細山田武史の笑顔。元プロたちが晴れの「都市対抗」で味わう充実感 (2ページ目)

  • 菊地高弘●文・写真 text&photo by Kikuchi Takahiro

 佐竹は七十七銀行から13三振を奪い、完封勝利を飾った。一方、細山田は3打数0安打2三振とバットでは結果を残せなかったが、試合序盤に盗塁を刺すなど守備で勝利に貢献した。

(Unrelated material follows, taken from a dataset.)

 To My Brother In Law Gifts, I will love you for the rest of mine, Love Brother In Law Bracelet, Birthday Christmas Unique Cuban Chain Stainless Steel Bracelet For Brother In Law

  トヨタ自動車への入社が決まってから、細山田は所属している全投手の映像を細かくチェックしたという。同僚たちが細山田の努力を認めるなか、本人は「当た り前といえば当たり前のことですけどね」と笑う。周囲に壁をつくらず場を和ませる人柄は、今やすっかりチームに欠かせなくなっている。

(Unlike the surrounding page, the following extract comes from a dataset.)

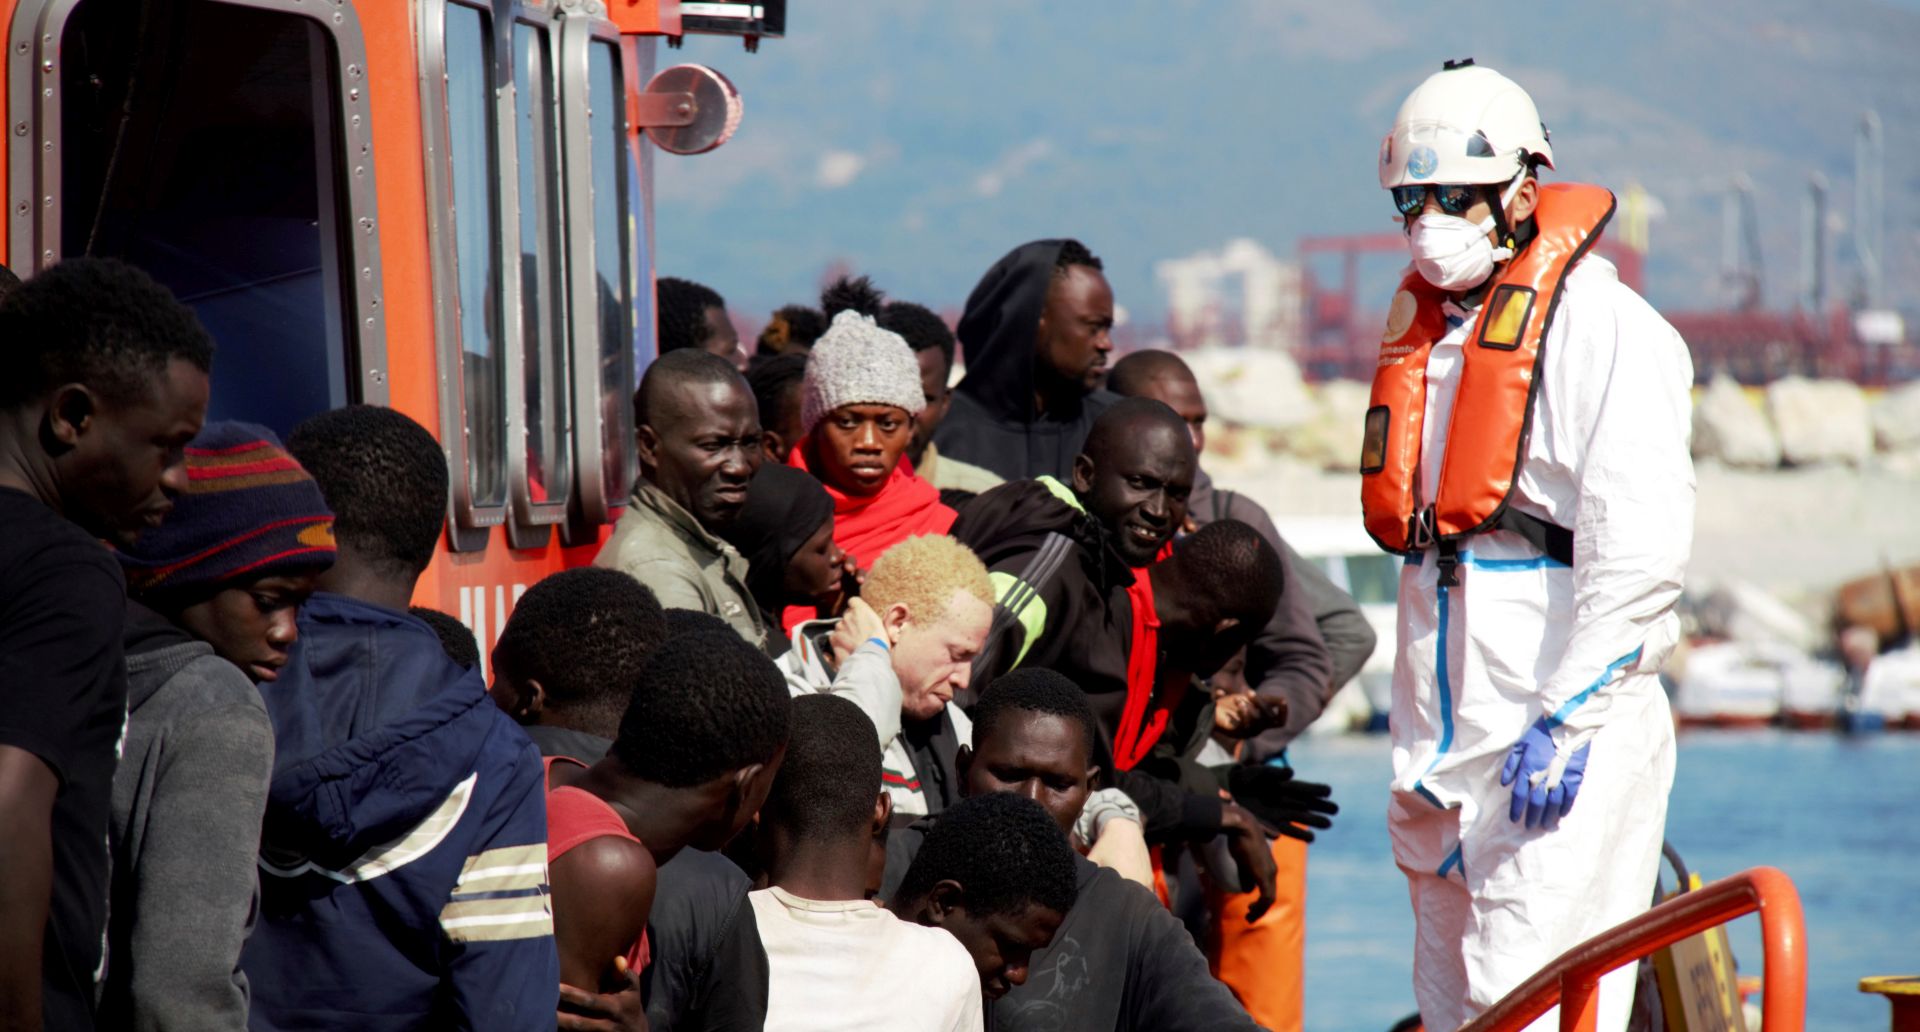 epa07725551 Some of 124 migrants arrive at the Granada port in Motril, Granada, Spain, 18 July 2019. Maritime Rescue rescued 124 migrants, including twenty women and four children, when they were sailing in the waters of the Alboran Sea.  EPA/Alba Feixas

 細山田に失礼を承知で「『元プロ野球選手』という肩書きが邪魔になることはないでしょうか?」と聞いてみた。すると細山田は「ないですね」と即答して、こう続けた。

「野球人としてのプライドはありますけど、元プロだからとか、そういうこだわりはありません。僕は育成選手も経験していますしね。プロだろうが社会人だろうが、やることは一緒。精いっぱいやるだけですよ」

 現在の背番号「36」はベイスターズ時代につけていたもの。だが、その番号を選んだのは「空いていたから」という単純な理由だった。

「みんなわかりやすいし、いいかなと思って。今日はベイスターズ時代のファンの方も結構来てくれたみたいで、ありがたかったですね」

 そう言って、細山田は東京ドームを後にした。今大会は細山田に限らず、多くの「元プロ野球選手」が社会人野球選手として都市対抗に出場している。